Niestety od dłuższego czasu przestałam ćwiczyć, przestałam biegać, a moja dieta to wzloty i upadki. Cały dzień staram się trzymać "racjonalnego odżywiania", a wieczorem albo kolejnego dnia już odpuszczam. Czas znowu wziąć się za siebie i zewrzeć poślady! Żeby nie było, że po ślubie kobieta naprawdę robi się gruba.. :)
Najlepszym sposobem na ruszenie coraz większego zada to ćwiczenia z Jillian Michaels - poprzednio podziałało, to i teraz podziała! Ma mi w tym pomóc jej program Body Revolution. Jeśli jakimś cudem ktoś jeszcze o nim nie słyszał, to zapraszam do obejrzenia krótkiego filmiku reklamowego:
Zatem mój plan na lepszą sylwetkę jest taki:
- BR 4 razy w tygodniu.
- Dance Central lub Your Shape raz w tygodniu.
- Bieg raz w tygodniu. Jeśli temperatura nie będzie pozwalała, to zastąpię go którymś z powyższych.
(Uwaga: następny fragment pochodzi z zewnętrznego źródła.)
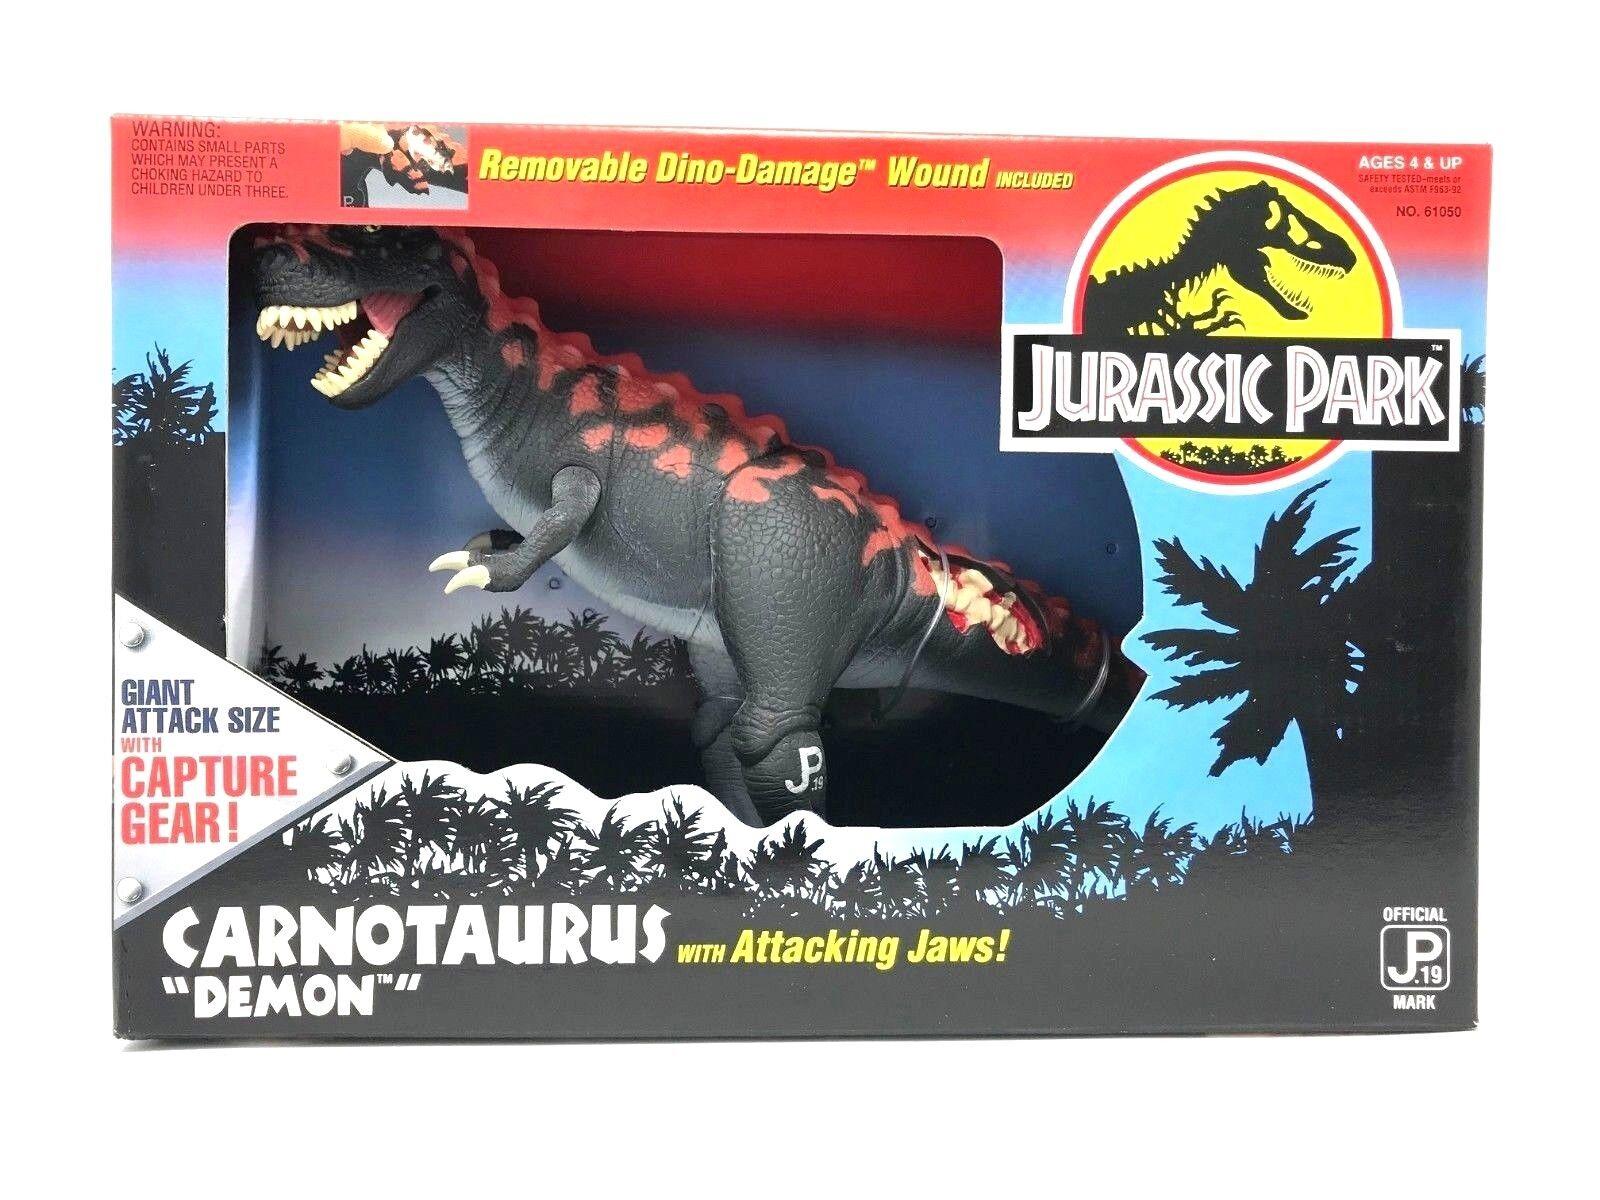 1994 Kenner Jurassic Park Series 2 Carnotaurus Demon New MIB Dinosaur Toy Figure

- Jeden dzień odpoczynku - zawsze w weekend.
- Do tego dieta oczywiście: rezygnacja z pieczywa, makaronów i ziemniaków. Wprowadzenie dużej ilości warzyw (owoców nie lubię), picie dużej ilości wody. 5 posiłków dziennie. Tu żadnej rewolucji nie ma :)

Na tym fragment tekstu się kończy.